Based on the recent advances in the genomics, current technologies can permit the examination of gene expression patterns of tens of thousands of genes (Bairoch et al 2008). A challenge for the biologist to interprete such data is recognizing the function of many of the hits identified in a single experiment (Khan et al 2008). While one can classically search the literature, a more rapid mean of developing some idea of potential function of a gene product is via the ontology terms that describe the gene (Khan et al 2008). The gene ontology tool is developed for this specific purpose. Many genes ontology tools have been constructed and launched for public usage. In this study, the author used a gene ontology tool to predict the function of normal and four important hemoglobin disorders with underlying single amino acid substitution.

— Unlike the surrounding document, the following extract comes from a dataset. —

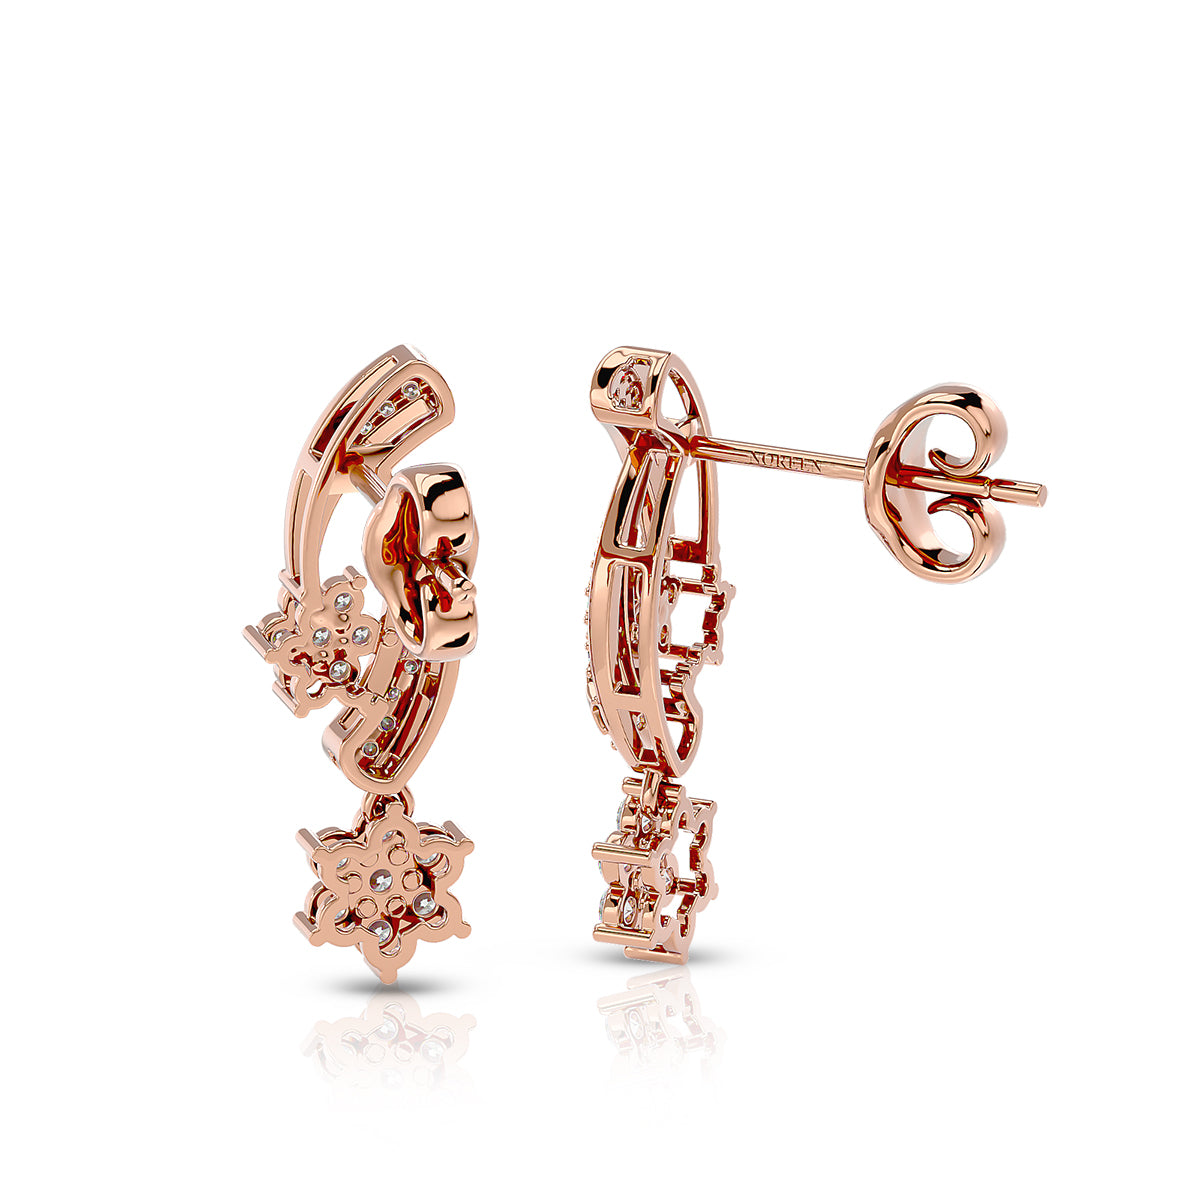 Persona Earrings 18K Rose Gold With Diamonds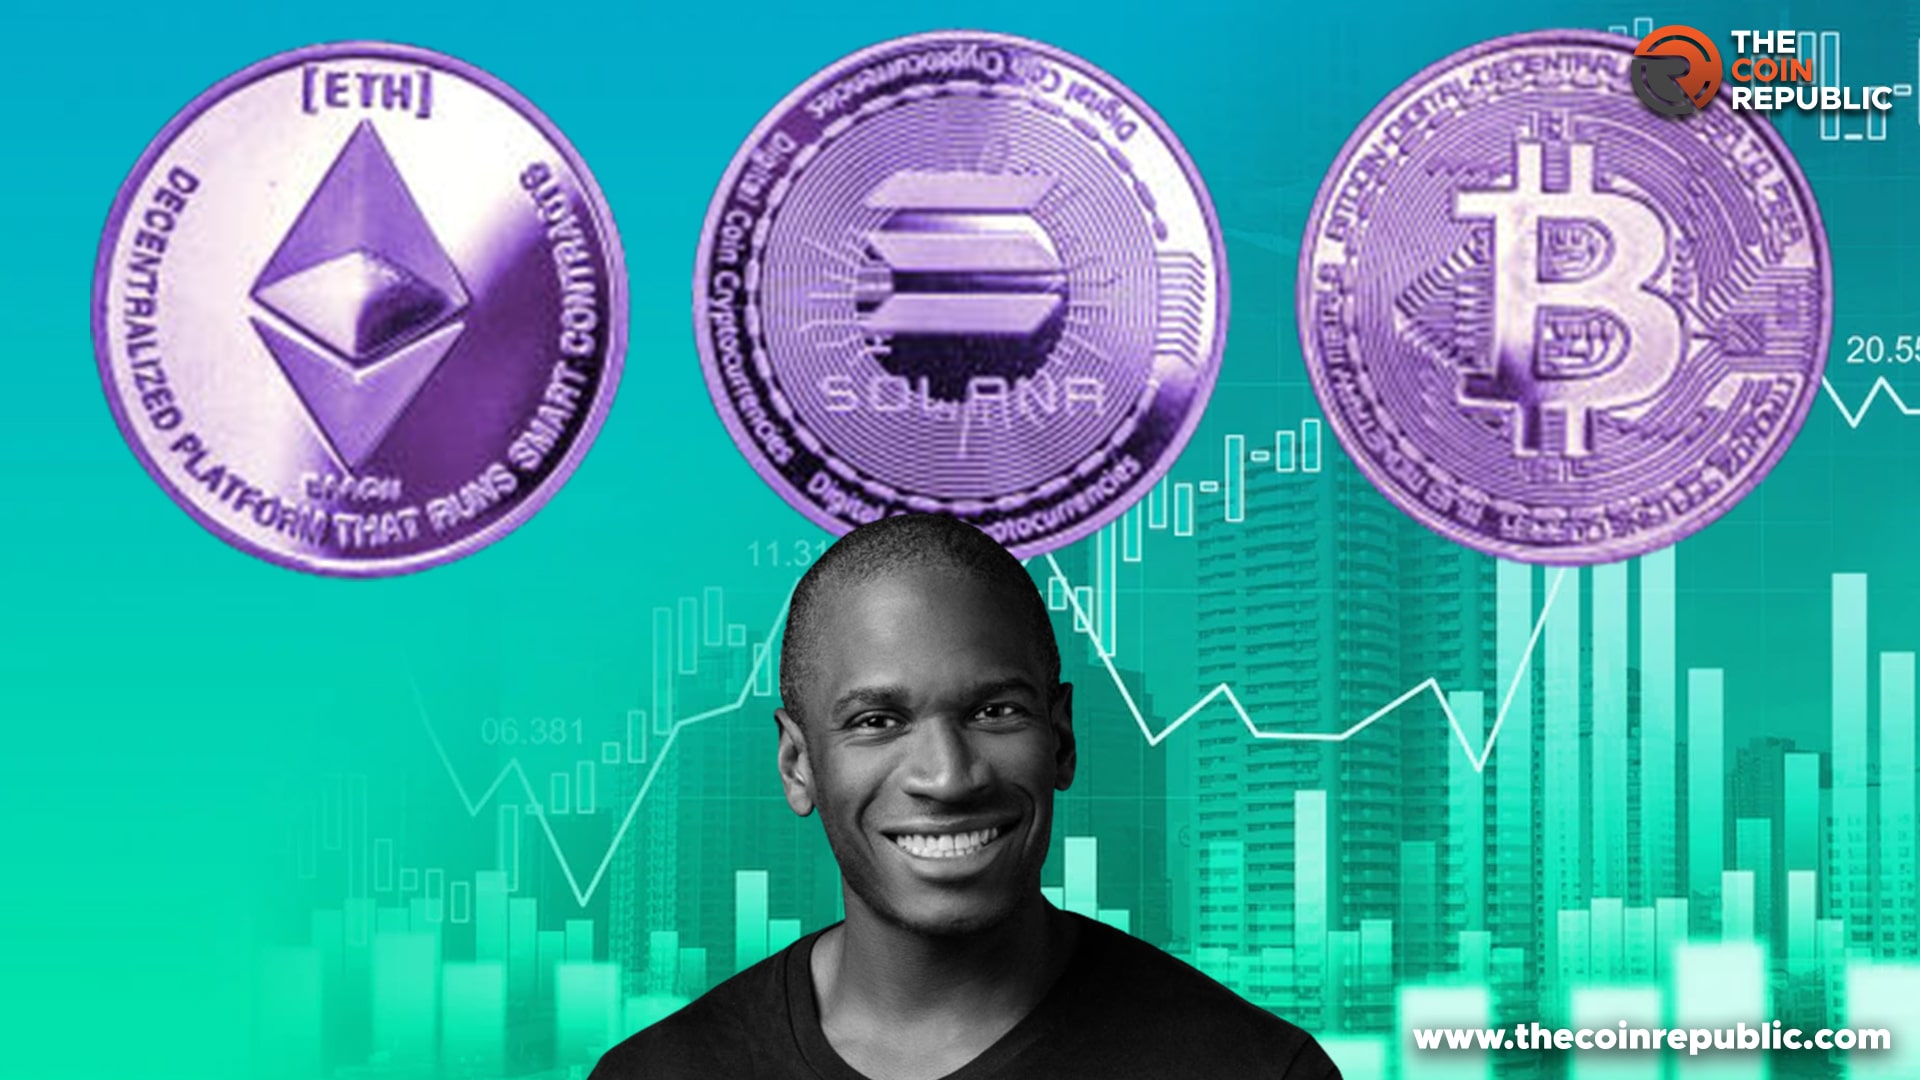 BitMex’s Founder Stated That The Downfall Of FTX Will Impact Bitcoin, Ethereum, And Solana

Compared with normal hemoglobin, all studied abnormal hemoglobins have the same function and biological process. This indicates that the overall function of oxygen transportation is not disturbed in the studied hemoglobin disorders. This result is similar to another report by Wiwanitkit (2006) on four rare hemoglobinopathies, Hb Agrino (29Leu-->Pro), Hb Siam (15Gly -> Arg), Hb Amsterdam (32Met-->Ile) and Hb Evanston (14 Try--> Arg). Clinical findings of oxygen depletion in abnormal hemoglobins should be due to the other processes rather than genomics, proteomics and expression levels.